---------- Data excerpt ----------

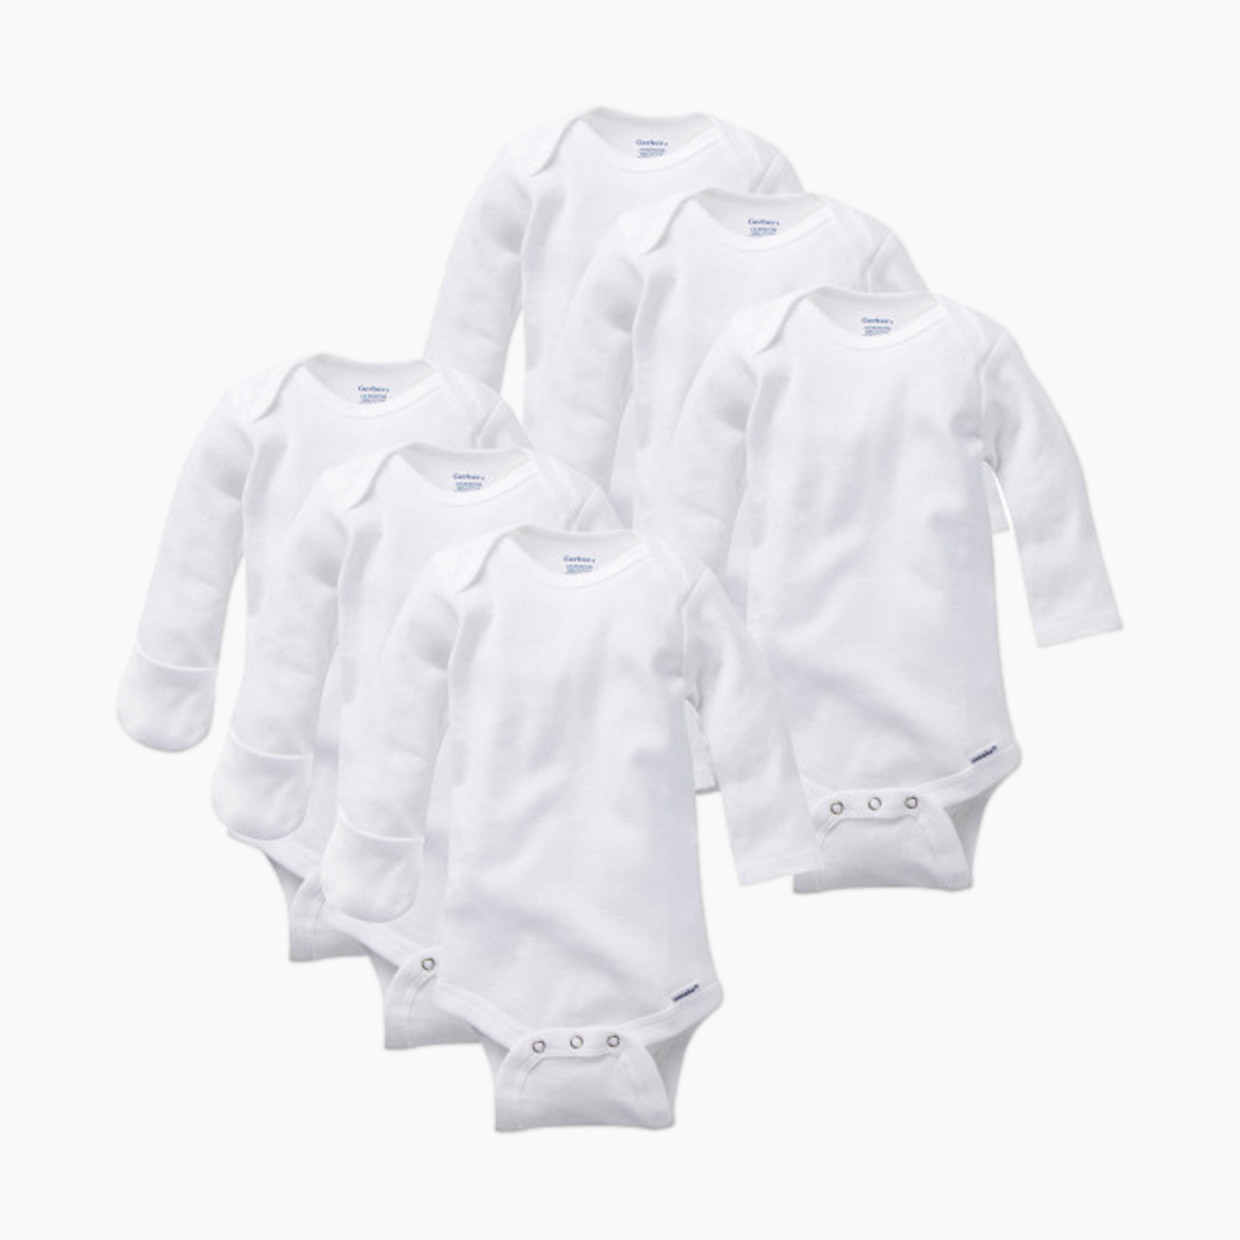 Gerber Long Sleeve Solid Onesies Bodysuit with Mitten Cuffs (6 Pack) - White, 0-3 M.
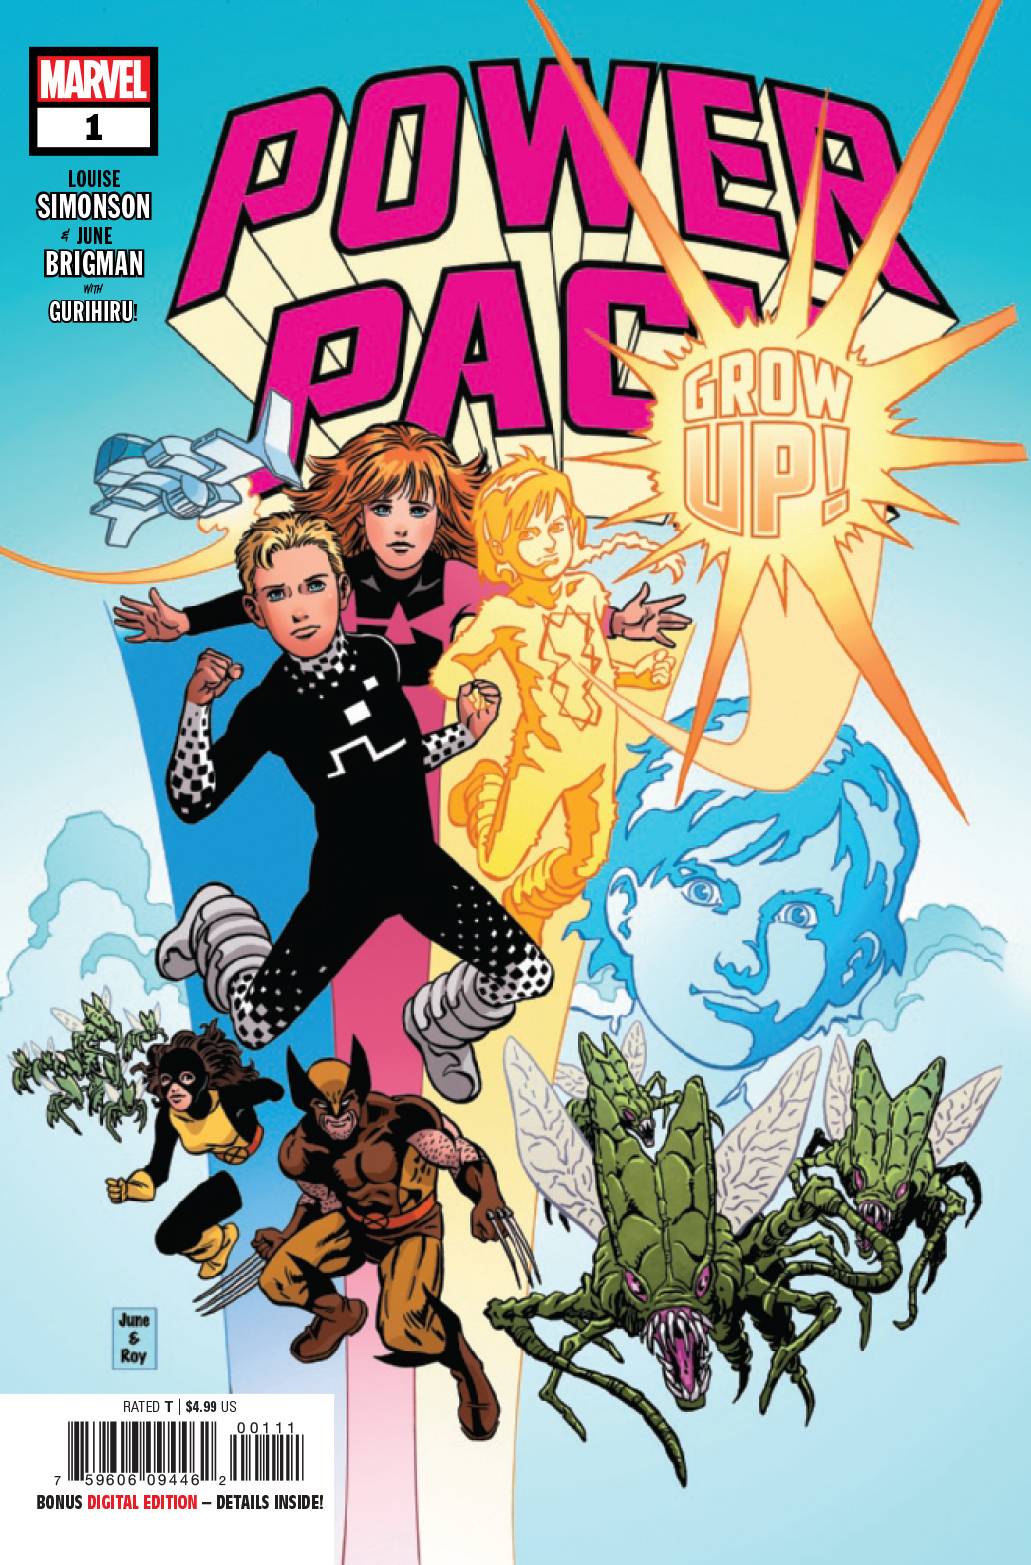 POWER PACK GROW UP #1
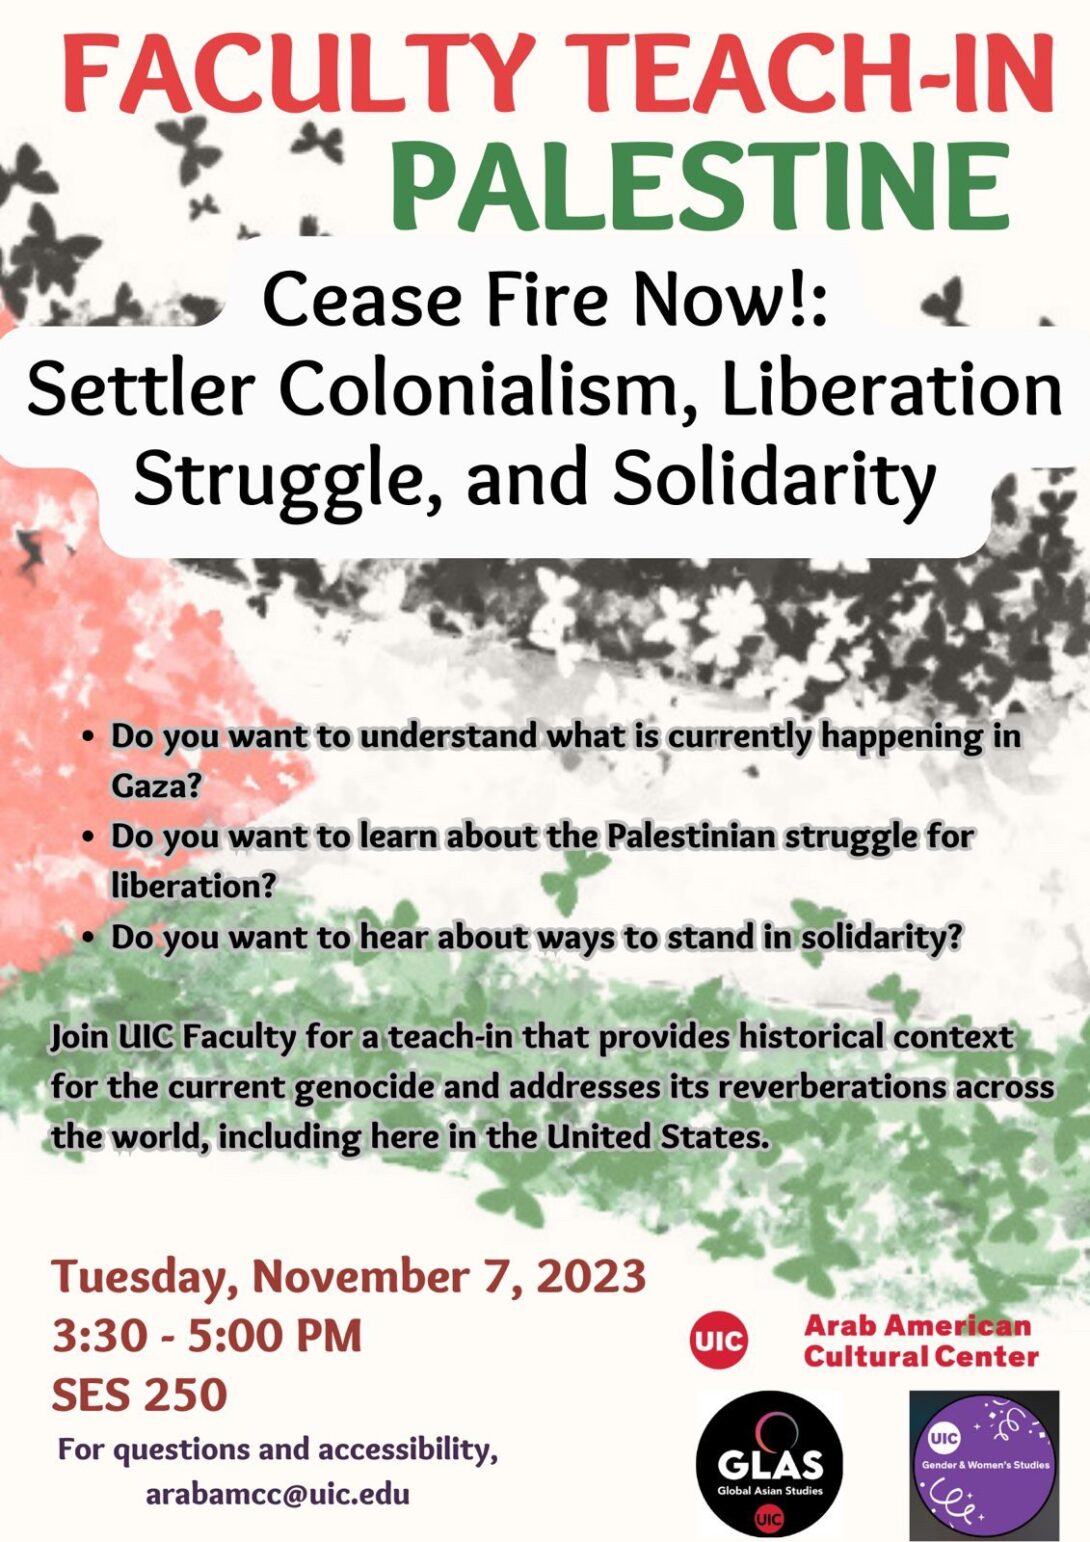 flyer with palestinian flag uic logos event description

----------

* [Your task]:
Exactly as written, restate the lines from the one that contains "POWER PACK GROW UP #1" through the final line of the data, both ends included, but leave out the pictures.

* [Result]:
 POWER PACK GROW UP #1
 flyer with palestinian flag uic logos event description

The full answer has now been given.